- **Assigned task**
Repeat the data below in full. Pictures must not be part of the copy.

- **Source data**

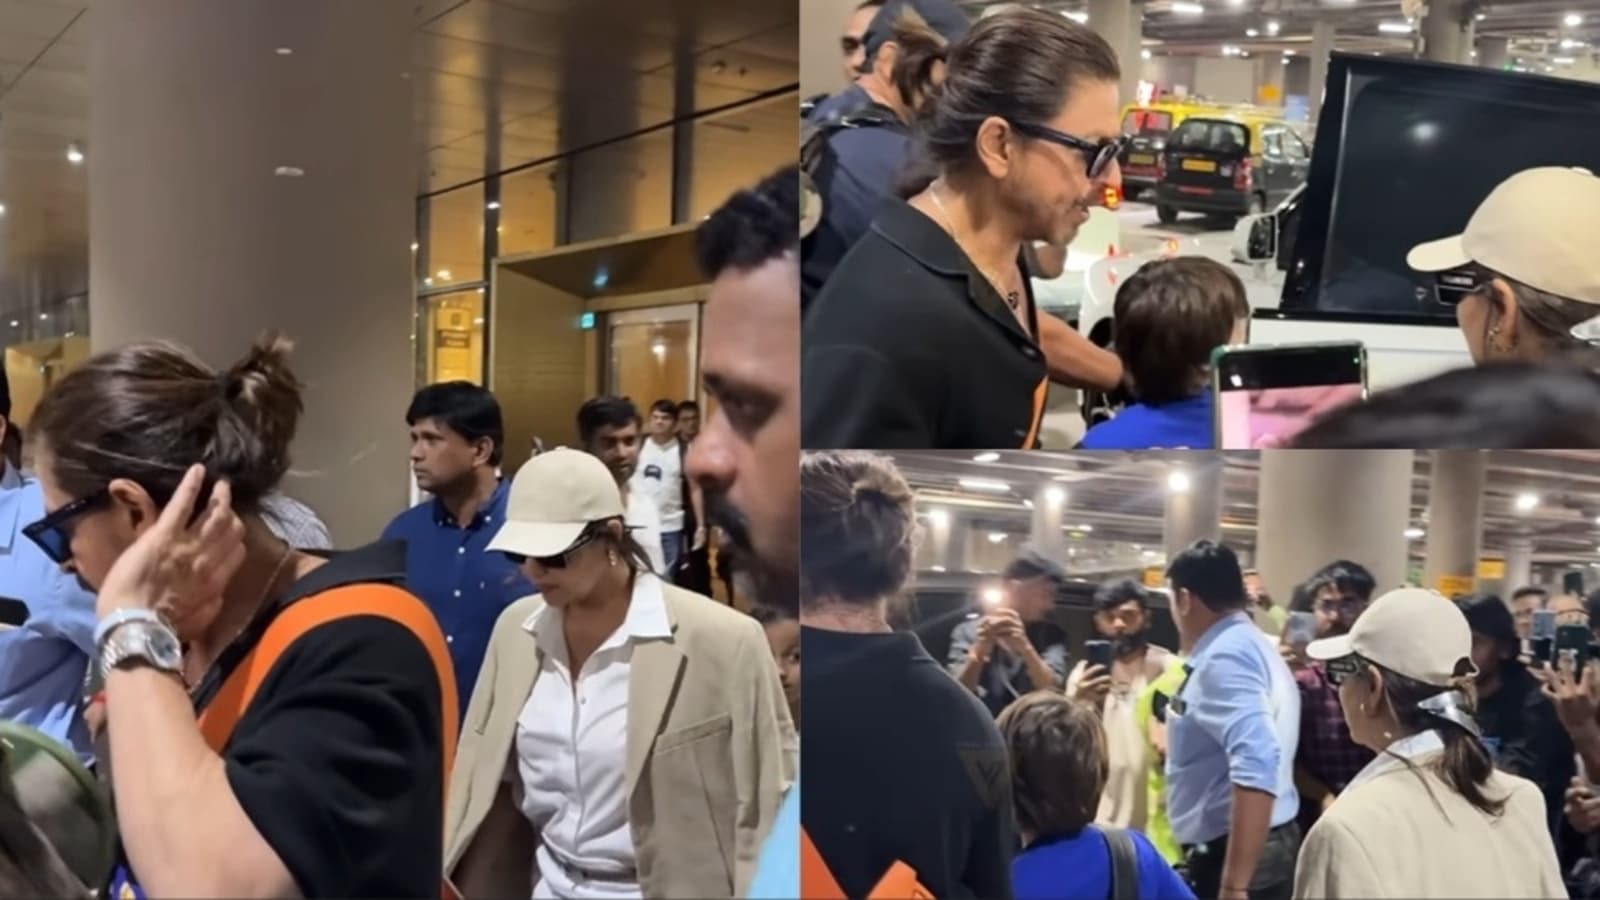 Shah Rukh Khan escorts Gauri Khan to their car as they return with son AbRam Khan from London. Watch
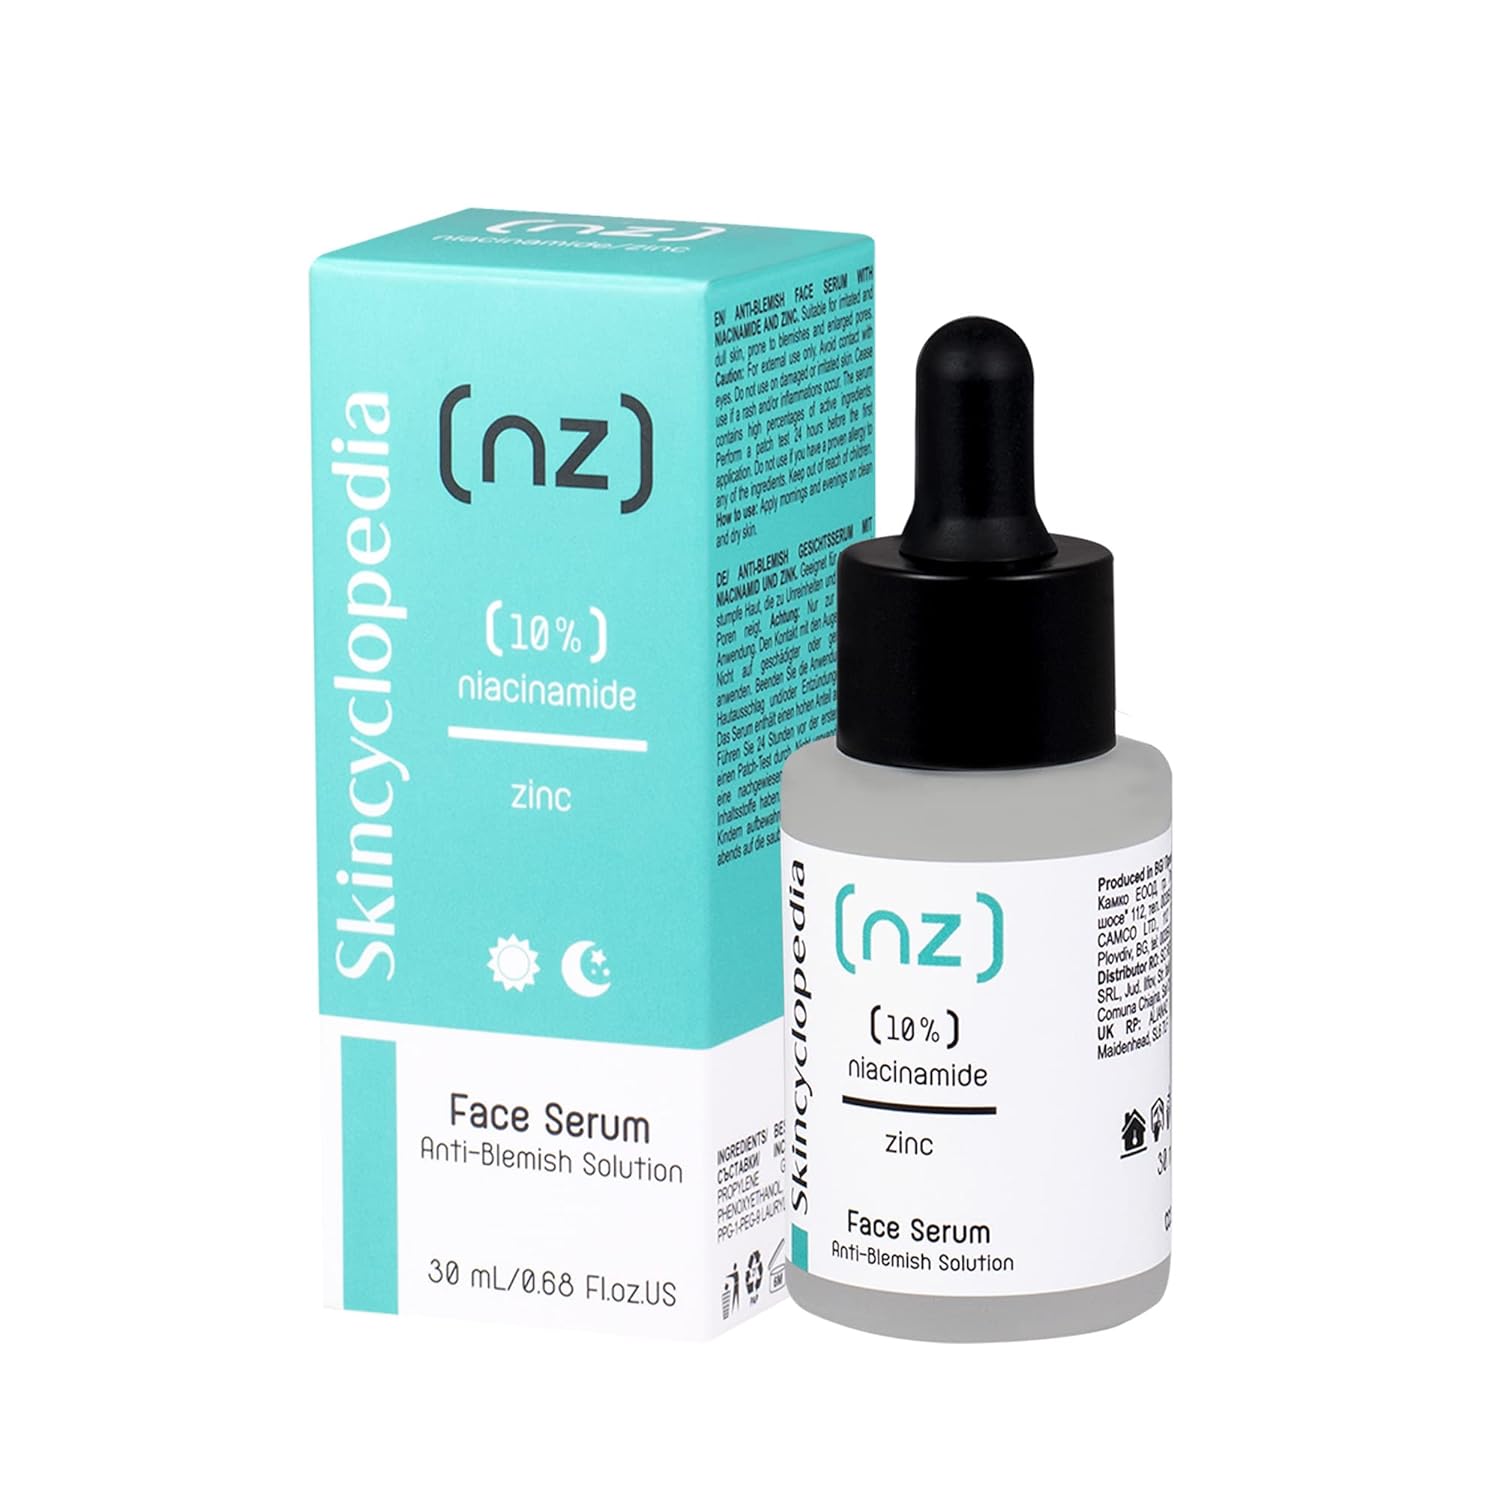 SKINCYCLOPEDIA Face Serum 10% Niacinamide + 1% Zinc
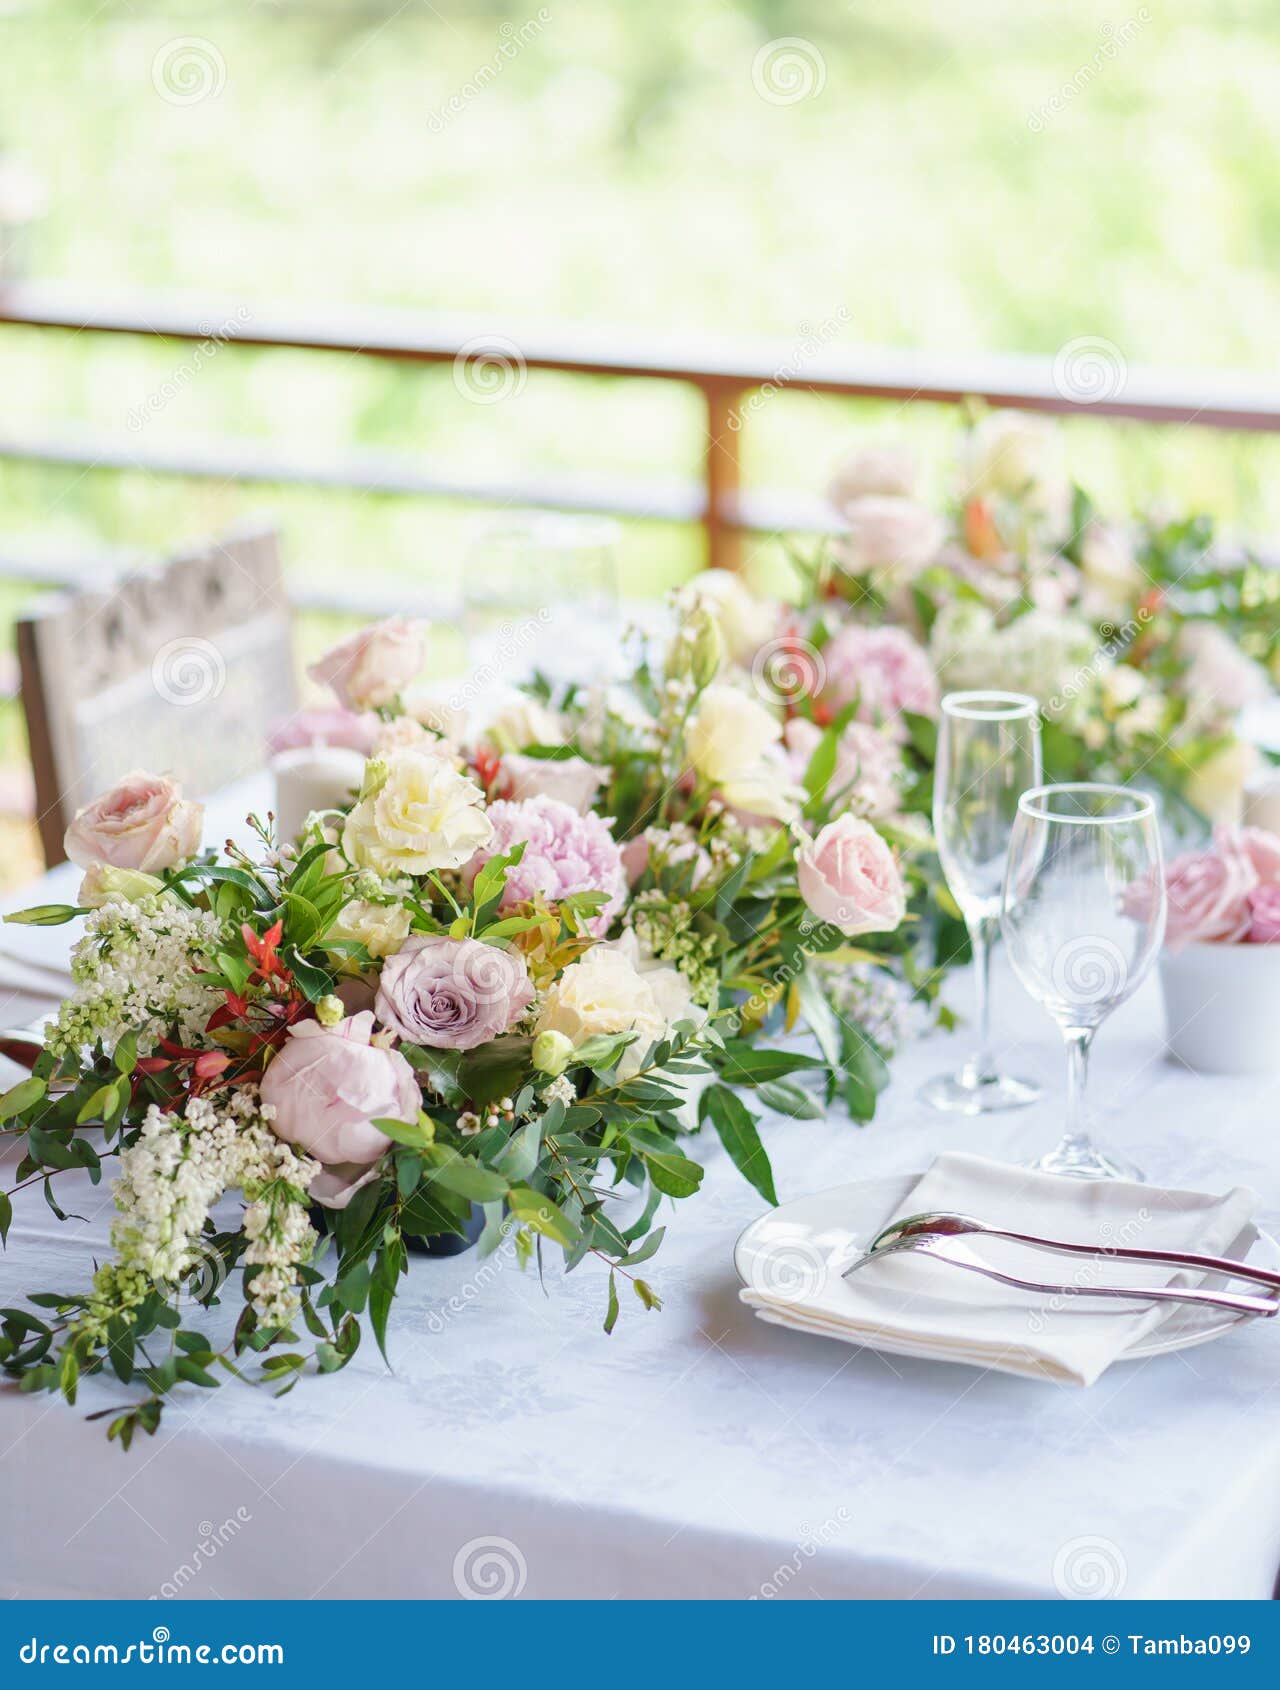 Details about   S4Sassy Leaves & Ranunculus Floral Room Tablemats With Napkins set-FL-840C

- **Answer below**
 Shah Rukh Khan escorts Gauri Khan to their car as they return with son AbRam Khan from London. Watch
 SKINCYCLOPEDIA Face Serum 10% Niacinamide + 1% Zinc
 Details about   S4Sassy Leaves & Ranunculus Floral Room Tablemats With Napkins set-FL-840C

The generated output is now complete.